Among the other amendments pushed were one by Appropriations Committee Ranking Minority Member Jerry Henry (D-Atchison) to effectively gut the bill and one by House Democratic Agenda Chairman Brandon Whipple (D-Wichita) that would have referred the bill to the House Education Committee for further debate. Both were defeated.

Rep. Carolyn Bridges (D-Wichita), a teacher, expressed concern that teachers were not being respected by lawmakers and said the block grants bill would cause teachers to leave Kansas.

“I’d be amazed that if we keep the good teachers we have,” she said. “We have done nothing in this body to help teachers”

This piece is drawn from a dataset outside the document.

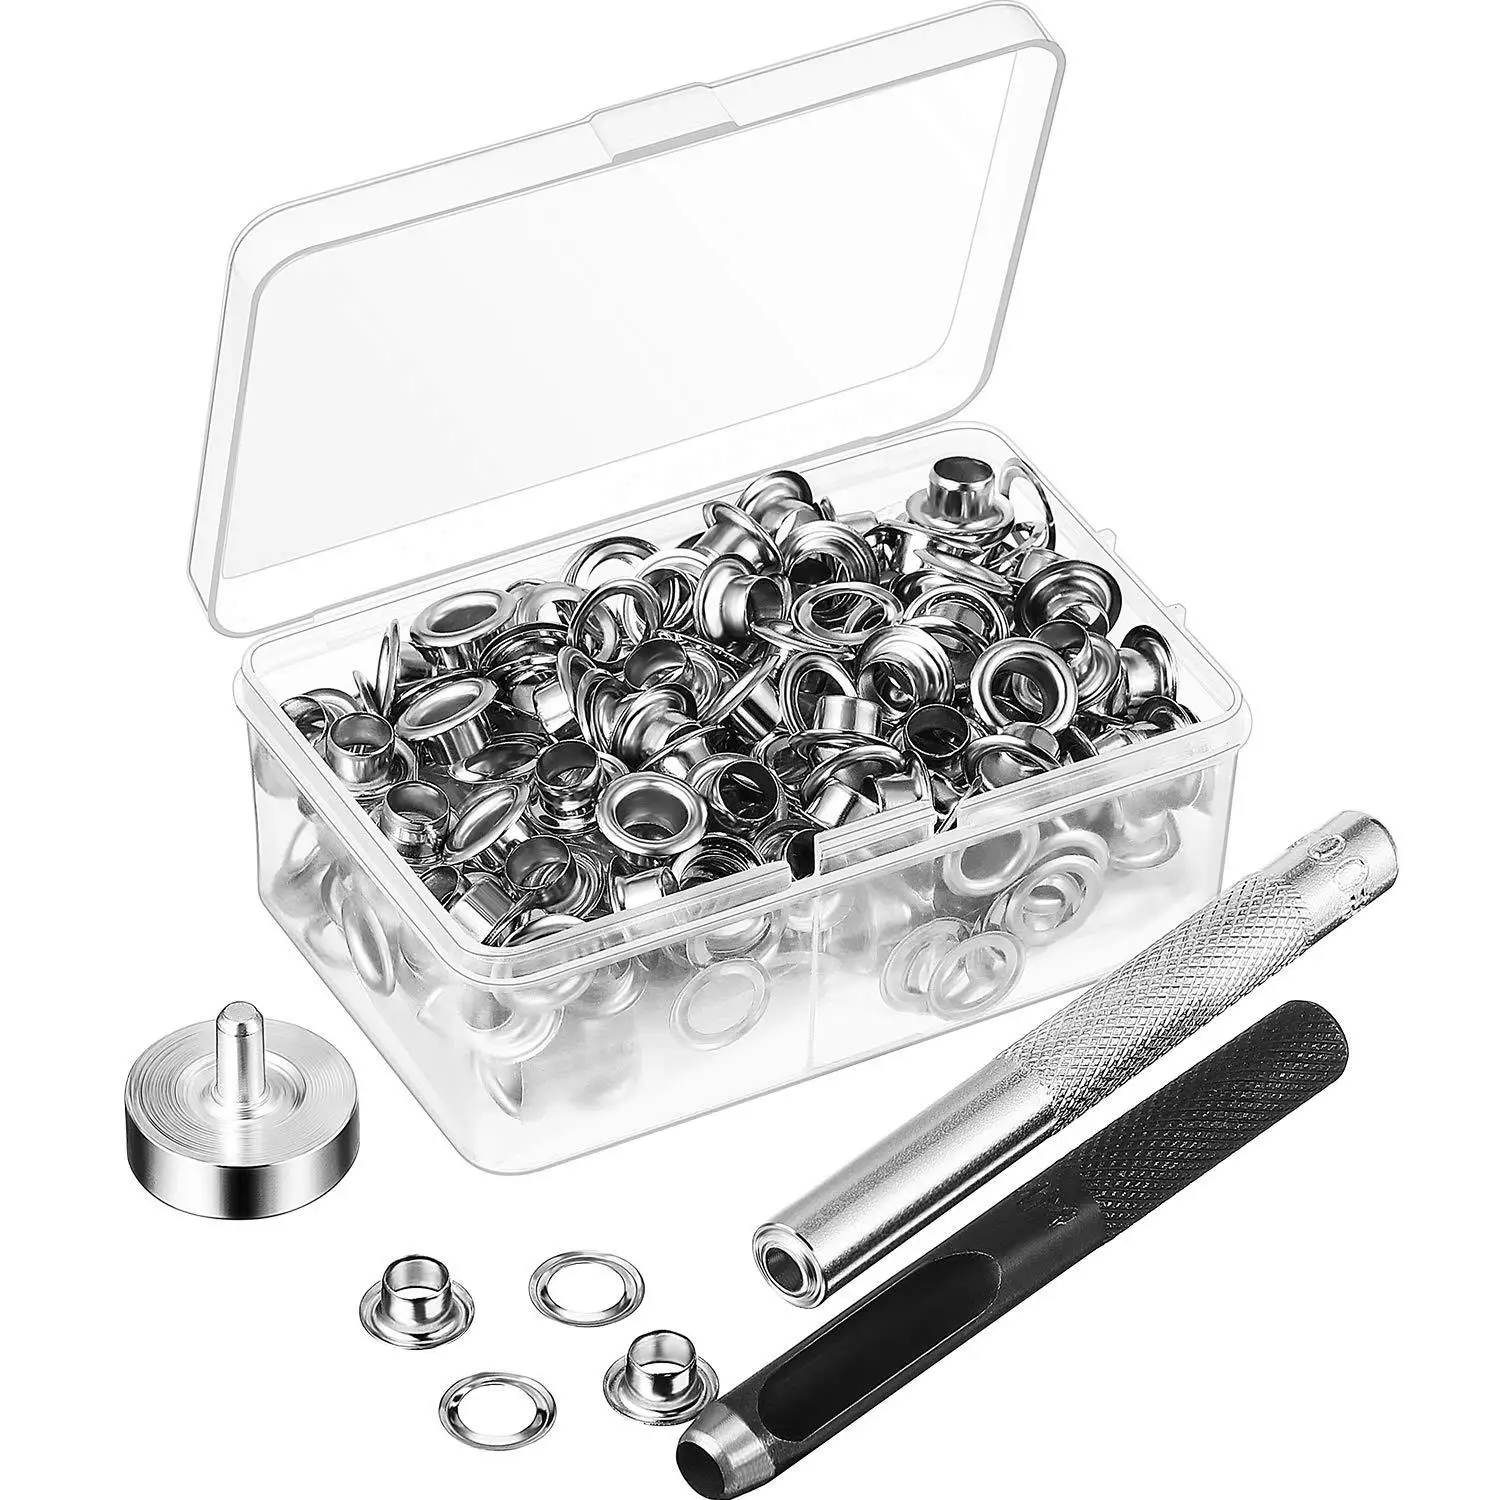 silvery 100 Sets Internal Diameter of 6mm Hole Eyelet And gasket 3 pcs Installation Tool garment accessories Q-037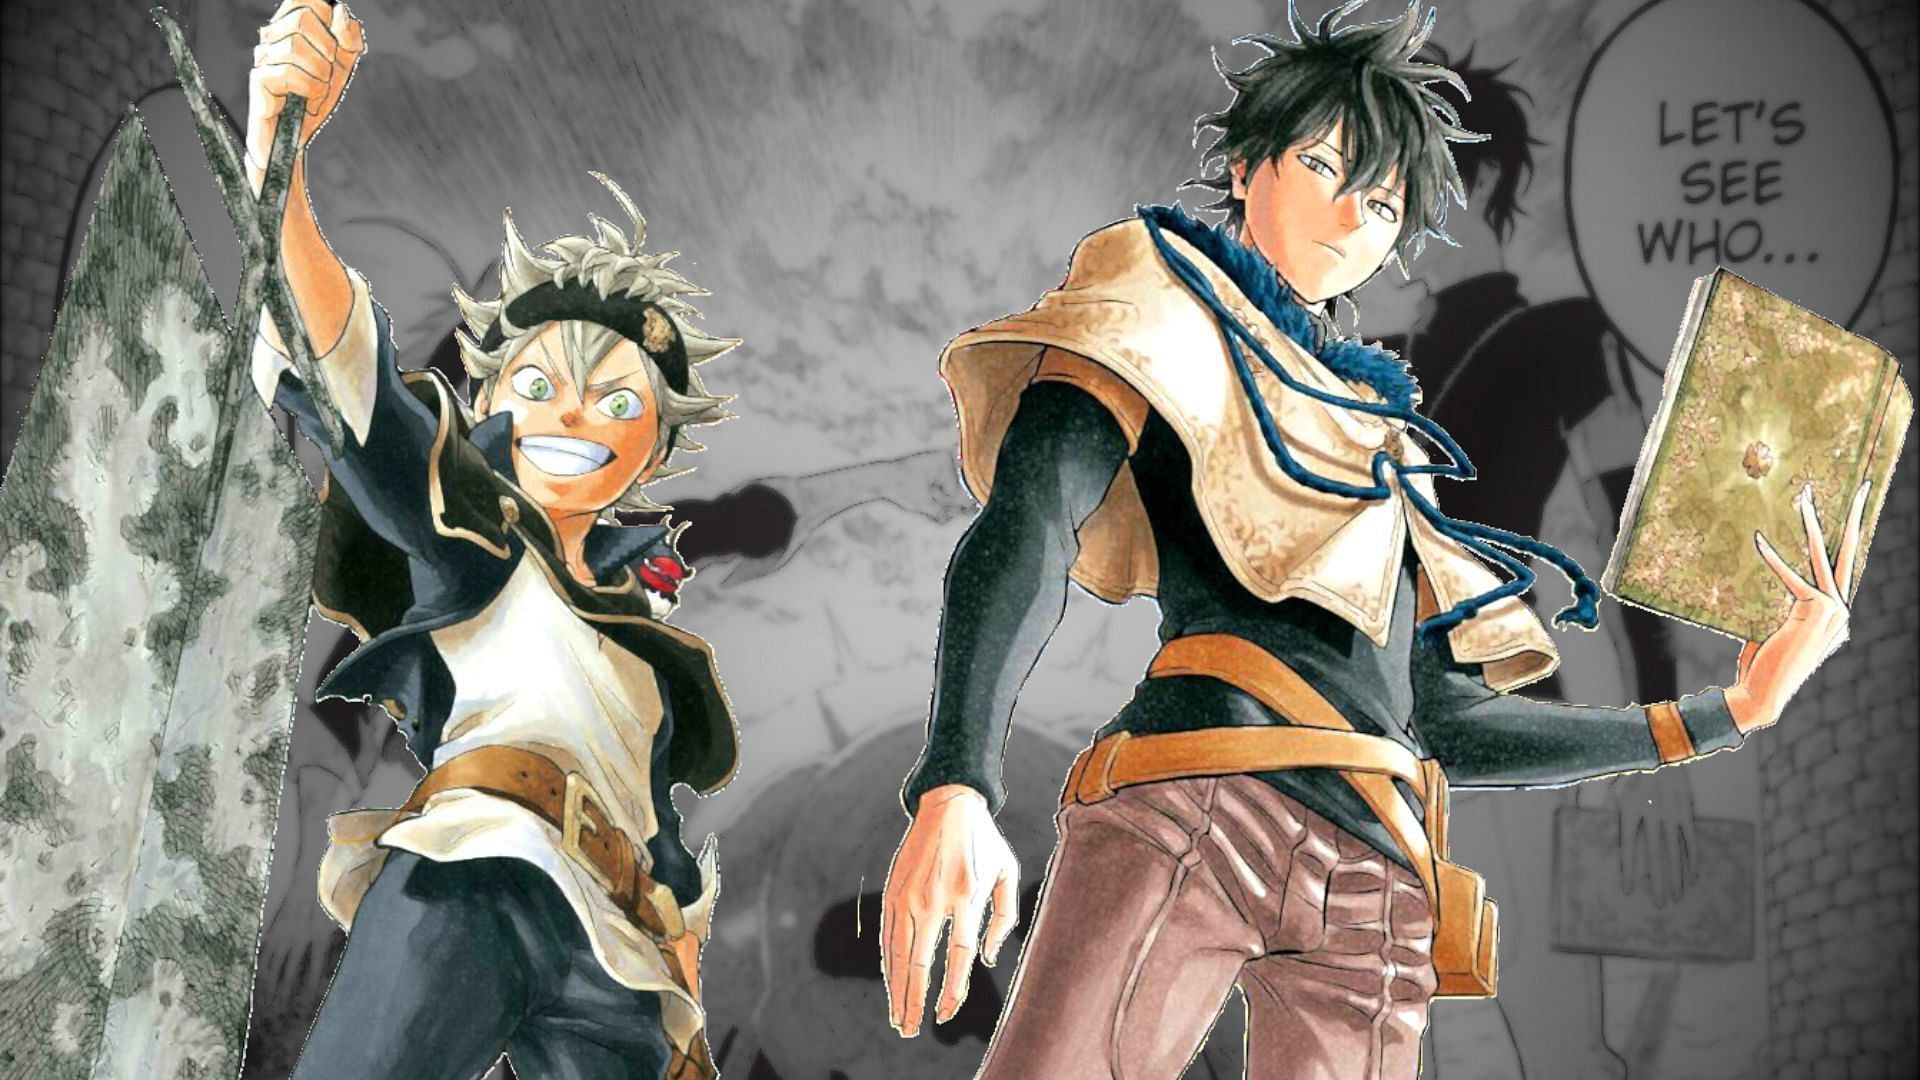 Asta and Yuno as seen in Black Clover

Rep. Scott Schwab (R-Olathe), who was presiding over the House for the debate, took the step of stepping down from the chair temporarily to address his colleagues. He said he wanted to address what he said were arguments that he and other supporters of the bill were against education.

“I’ve been called anti education and I have kids in the schools,” Schwab said. “It’s not the Legislature’s role to educate my children. It’s on me.”

Rep. Barbara Ballard (D-Lawrence) praised the state’s teachers and education advocates for their role and told her colleagues to keep that in mind during the vote.

“The quality of education in Kansas is that way because of teachers and people who care about it,” she said.